A recent meta-analysis indicated that patients with upper gastrointestinal diseases taking omeprazole may be more vulnerable to COVID-19, without confirmation of severe disease being associated with other drugs in the same ATC group18. Some authors have hypothesized that psychiatric patients could be protected against COVID-19 due to being on neuroleptics, but this has not been confirmed in our study19. Another possible explanation for antacids and neuroleptics being among the main predictors is that they were acting as a proxy for the overall number of drugs taken by patients. We assessed the number of drugs prescribed among the group of patients who took antacids or neuroleptics compared to that in patients who did not take these types of medications, and we found significant differences. Specifically, patients who took antacids or neuroleptics took eight drugs compared to two in the groups of patients who did not take them (data not shown).
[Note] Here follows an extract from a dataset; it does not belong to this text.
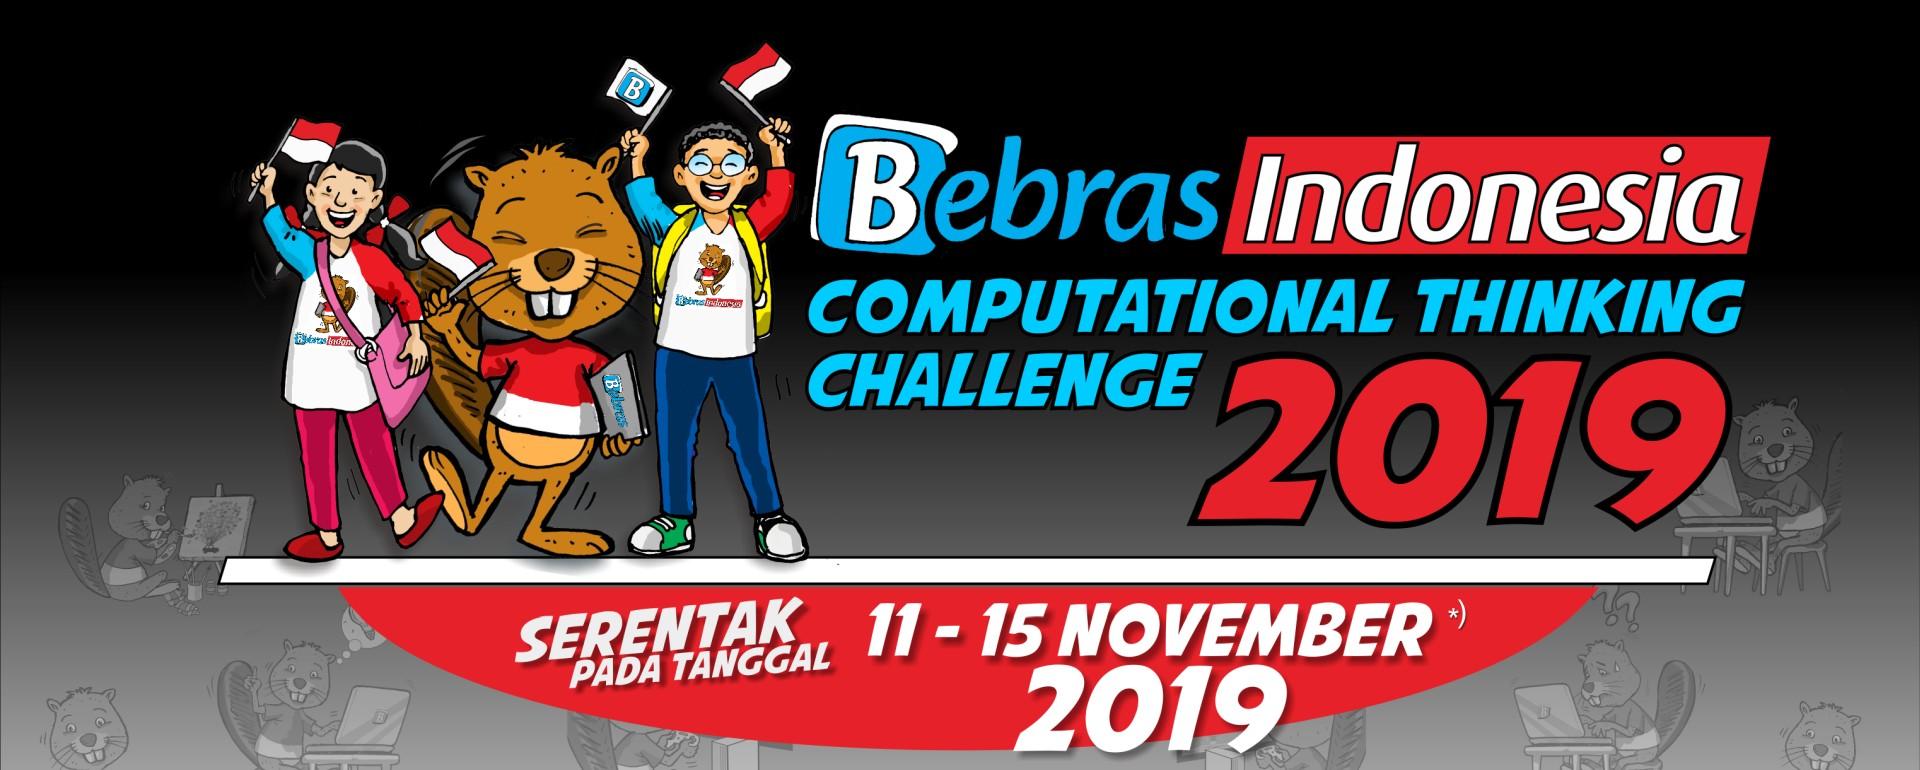 Situs Resmi Bebras Indonesia Computational Thinking

Oddy et al. identified diuretics as protectors of ICU admission and cardiac arrest as well being associated with lower oxygen requirements20, while Cabezon et al. did not find a poorer prognosis in patients who took diuretics21.
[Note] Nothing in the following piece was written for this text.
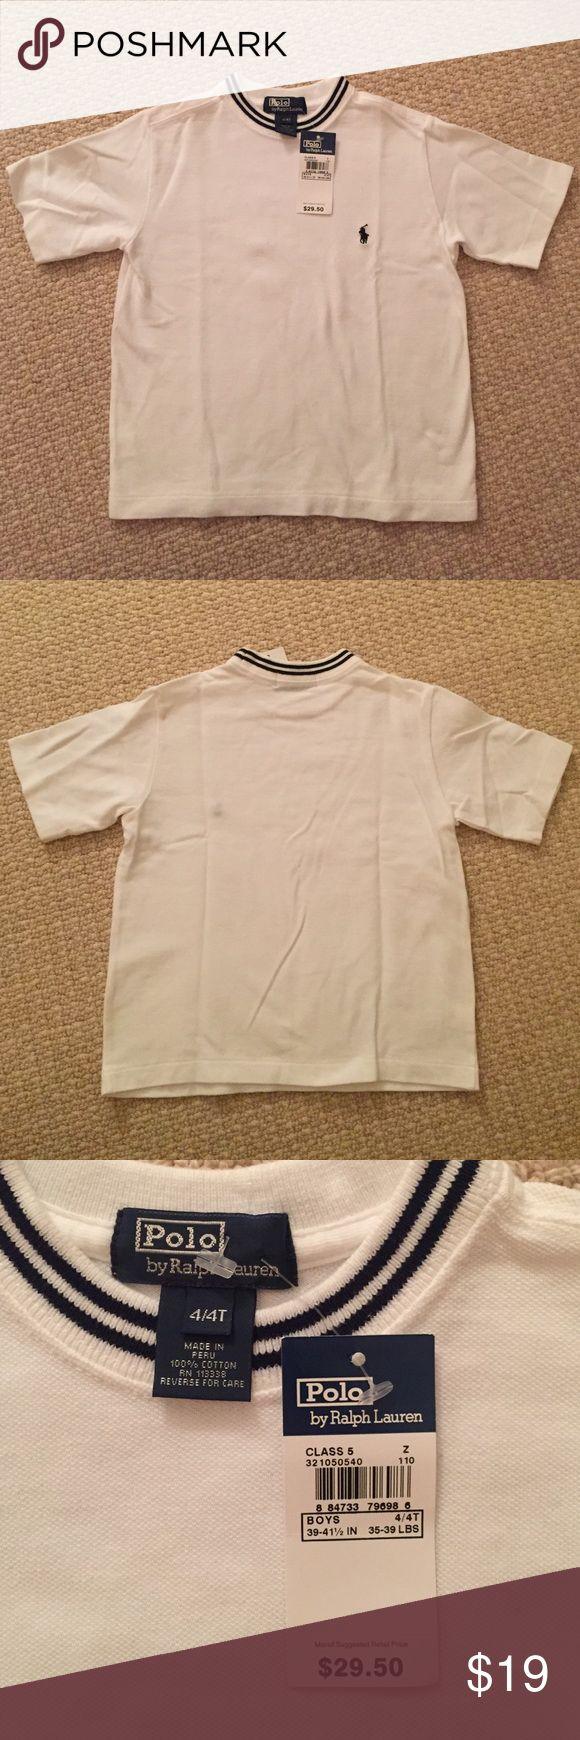 Polo by Ralph Lauren Pique Polo Shirt Sz 4/4T Polo by Ralph Lauren Pique Polo Sz 4/4T. Crew neck tee style, pique fabric. NWT. Navy trim around neck. Love this shirt!!! Polo by Ralph Lauren Shirts & Tops Polos

Our model presented excellent AUROCs and this indicates that the algorithm is sufficiently sensitive to identify patients at risk of needing intensive ventilatory support and acceptable AUPRC indicates that the algorithm is able to distinguish false positives. We proposed several cut-off points to aid decisions about allocation of care to patients. Another advantage of our model is that it takes into account all the comorbidities and baseline medications recorded, in a more specific way than models for predicting poor prognosis described to date9,22,23. Indeed, our machine-learning based model is designed to detect which patients in the pulmonary phase at admission are going to need ventilatory support during their hospital stay. Bardley et al. recommended focusing on features of respiratory compromise rather than circulatory collapse as almost all the predictive models do23.
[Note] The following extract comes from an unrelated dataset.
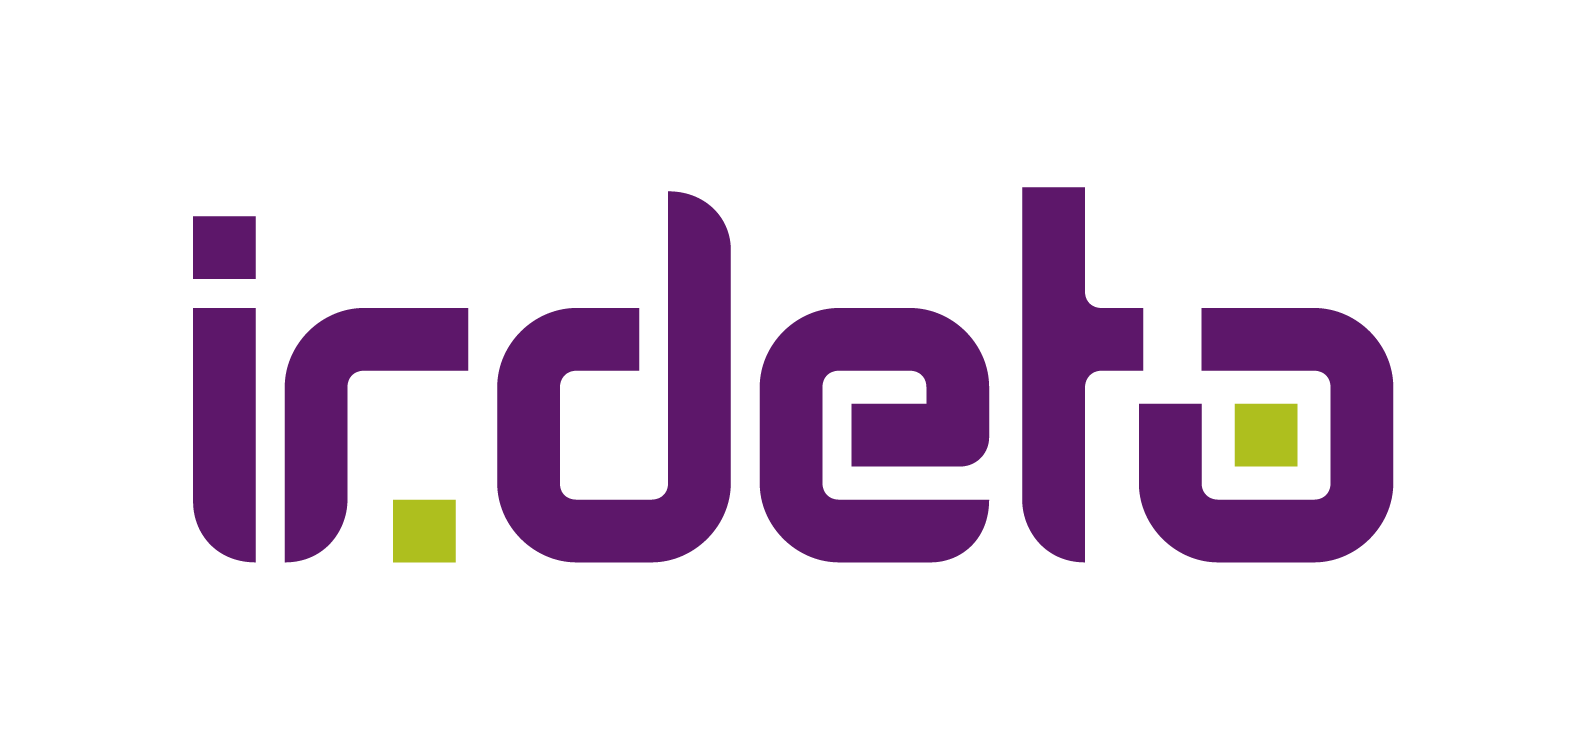 UniqCast partner Irdeto

A limitation of our work is the calibration performance of the model in the derivation dataset. Specifically, there is some under prediction when the observed probability of experiencing deterioration is greater than 0.5, while there is a slight over prediction when the observed probability is below 0.25. Nevertheless, the estimated and observed probabilities in the external validation dataset are very well calibrated, which indicates that the model has a good fit when applied to an external sample, although it is true that, as might be expected, the estimates in the 10 groups do not show a monotonic growth. This could be due to differences in the profile of patients across the waves of the pandemic as well as in the response of the health system and medical knowledge of the disease3. This leads us to recommend the use of dynamic models, that is, models should be continuously updated after their implementation in clinical practice to adjust them for these differences. Figure 5 outlines differences between traditional models and those based on machine-learning systems. Clinicians are provided with the result of the model automatically, and the model updates with the change in profiles of patients or changes in health system practices, such as changes in treatment protocols. Preprocessing code plus model training will be available on specific request in clinical trials.gov.

Figure 5
figure 5

Differences between traditional development and machine-learning based prediction models.

Conclusions

In conclusion, we present a machine-learning based prediction model with excellent performance properties to be implemented in EHRs. Our main goal was to predict progression to a score of 5 or higher on the WHO Clinical Progression Scale prior to patients requiring mechanical ventilation. Future steps are to externally validate the model in other settings and in a cohort from a different time period and to apply the algorithm in clinical practice14.